Saturday saw Meenagh become the first Para Nordic skier to represent Britain at the Paralympics for 20 years and a 13th-place finish in Tuesday’s 12.5km biathlon marked the half-way point of his competition schedule.

It is a schedule that would have most running for the hills with six gruelling races in one of the toughest sports around.

But for the Scot he already has one eye on Beijing 2022 and doing it all over again.

"We'll get ready to go again tomorrow"

“I’m immensely proud to be on that start line every time I race,” said Meenagh. “To be a little bit competitive is a real privilege, but that’s testament to the hard training that goes into this and the team that got me here.
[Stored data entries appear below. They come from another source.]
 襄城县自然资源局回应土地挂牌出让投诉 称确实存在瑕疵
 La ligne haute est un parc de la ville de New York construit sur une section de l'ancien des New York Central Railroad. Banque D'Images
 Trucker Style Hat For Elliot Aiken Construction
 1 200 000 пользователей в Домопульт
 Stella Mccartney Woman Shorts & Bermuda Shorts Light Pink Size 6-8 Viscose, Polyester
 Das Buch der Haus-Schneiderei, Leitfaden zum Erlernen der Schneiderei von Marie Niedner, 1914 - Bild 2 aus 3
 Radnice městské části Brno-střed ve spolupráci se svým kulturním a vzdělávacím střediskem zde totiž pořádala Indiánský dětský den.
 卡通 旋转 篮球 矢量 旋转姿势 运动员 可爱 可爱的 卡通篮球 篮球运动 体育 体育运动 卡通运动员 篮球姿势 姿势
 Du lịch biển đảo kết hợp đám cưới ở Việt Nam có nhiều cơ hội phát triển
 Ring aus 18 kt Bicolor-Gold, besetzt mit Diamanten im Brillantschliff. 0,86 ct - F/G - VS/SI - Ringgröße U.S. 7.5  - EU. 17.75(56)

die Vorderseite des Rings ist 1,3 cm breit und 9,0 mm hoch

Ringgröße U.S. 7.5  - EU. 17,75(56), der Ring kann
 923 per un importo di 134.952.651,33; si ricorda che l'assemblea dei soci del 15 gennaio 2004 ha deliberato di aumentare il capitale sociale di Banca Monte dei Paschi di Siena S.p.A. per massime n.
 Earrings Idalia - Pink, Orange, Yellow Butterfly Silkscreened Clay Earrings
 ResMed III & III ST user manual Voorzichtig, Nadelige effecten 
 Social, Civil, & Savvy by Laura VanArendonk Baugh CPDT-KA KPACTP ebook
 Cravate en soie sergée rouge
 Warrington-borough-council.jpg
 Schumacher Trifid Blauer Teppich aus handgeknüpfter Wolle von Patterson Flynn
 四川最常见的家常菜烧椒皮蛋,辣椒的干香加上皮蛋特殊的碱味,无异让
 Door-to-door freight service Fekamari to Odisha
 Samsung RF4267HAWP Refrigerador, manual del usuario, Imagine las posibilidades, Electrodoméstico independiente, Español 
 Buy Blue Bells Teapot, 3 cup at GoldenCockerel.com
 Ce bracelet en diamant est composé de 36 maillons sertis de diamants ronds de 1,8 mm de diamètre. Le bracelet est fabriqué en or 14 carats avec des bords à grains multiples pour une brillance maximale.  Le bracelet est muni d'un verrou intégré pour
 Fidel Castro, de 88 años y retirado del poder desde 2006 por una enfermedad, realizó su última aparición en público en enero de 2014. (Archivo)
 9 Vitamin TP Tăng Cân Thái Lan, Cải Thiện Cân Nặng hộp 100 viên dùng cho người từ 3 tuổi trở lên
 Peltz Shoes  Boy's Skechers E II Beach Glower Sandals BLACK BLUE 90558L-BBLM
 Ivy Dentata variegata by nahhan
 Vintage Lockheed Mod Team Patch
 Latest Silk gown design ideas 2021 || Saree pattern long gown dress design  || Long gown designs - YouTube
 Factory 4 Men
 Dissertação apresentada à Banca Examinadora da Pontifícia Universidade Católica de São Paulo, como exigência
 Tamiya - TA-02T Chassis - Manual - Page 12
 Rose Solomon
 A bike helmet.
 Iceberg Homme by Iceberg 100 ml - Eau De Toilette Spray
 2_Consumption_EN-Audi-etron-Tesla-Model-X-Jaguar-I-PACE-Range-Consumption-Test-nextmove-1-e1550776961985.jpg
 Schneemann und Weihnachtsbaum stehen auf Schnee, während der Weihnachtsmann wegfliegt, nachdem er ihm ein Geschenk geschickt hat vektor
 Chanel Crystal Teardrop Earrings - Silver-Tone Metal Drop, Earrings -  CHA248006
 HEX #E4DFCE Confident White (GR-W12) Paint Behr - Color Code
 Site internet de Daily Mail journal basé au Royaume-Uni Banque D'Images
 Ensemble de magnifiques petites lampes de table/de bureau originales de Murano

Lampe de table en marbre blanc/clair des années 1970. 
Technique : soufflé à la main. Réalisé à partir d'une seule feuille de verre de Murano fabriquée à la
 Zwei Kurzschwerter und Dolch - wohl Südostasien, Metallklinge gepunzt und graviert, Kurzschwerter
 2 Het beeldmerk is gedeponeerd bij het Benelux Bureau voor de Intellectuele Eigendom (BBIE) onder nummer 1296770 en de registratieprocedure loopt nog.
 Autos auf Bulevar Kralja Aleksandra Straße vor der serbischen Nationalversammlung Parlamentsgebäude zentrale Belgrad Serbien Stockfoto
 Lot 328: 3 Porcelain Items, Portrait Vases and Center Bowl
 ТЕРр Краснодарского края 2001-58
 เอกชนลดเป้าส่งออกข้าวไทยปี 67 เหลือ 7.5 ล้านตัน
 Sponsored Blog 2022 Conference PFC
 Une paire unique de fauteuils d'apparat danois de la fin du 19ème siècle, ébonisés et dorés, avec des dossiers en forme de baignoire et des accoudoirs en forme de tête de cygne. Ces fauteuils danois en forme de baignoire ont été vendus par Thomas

“I’ve only been doing this for a couple of years but we’re only just scratching the surface, we’ve got a big plan for the future and we’re not going anywhere.

“The aim is Beijing. But I hope these Games can be a chance to showcase just how awesome this sport is, the challenge, the variety, the physicality it offers, but also the accuracy and the patience to keep it together while shooting.

“If any others get involved, they would love it, hopefully there will be more people on the start line in the coming years.

“This experience has just been amazing, each race is a whole new kettle of fish, you’ve got to hit it so hard – you can’t begin to fade away at any point in the race and it’s ferocious.”

Tuesday’s race proved to be a particularly tough one for all the field, with difficult conditions meaning times were down across the board.

For Meenagh there were five missed shots on the range as he crossed the line in 54:52.9 – Ukraine’s Taras Rad taking gold with an American two-three of Daniel Cnossen and Andrew Soule.


“But I love it, I love being around such high-calibre performers"

Scott Meenagh

The Scot returns to action on Wednesday in the sprint events and, despite fatigue, is in his element.

“It was not a free ride out there, you had to work for every yard in a really, really tough race – probably one of the toughest I’ve ever been involved,” he added.

“Anybody who sits in this seat and gives it a go would agree, this is a tough, tough sport – probably one of the most difficult you could ever do.

“But I love it, I love being around such high-calibre performers, people who do inspirational and unbelievable things, it’s just brilliant.

“I feel pretty wrecked after that race but we’re well-practiced on the recovery strategies, so we’ll get ready to go again tomorrow.

“We came here to be in every single race we came here for exposure to the Paralympic Games, to race tired and to know what it’s like to perform.”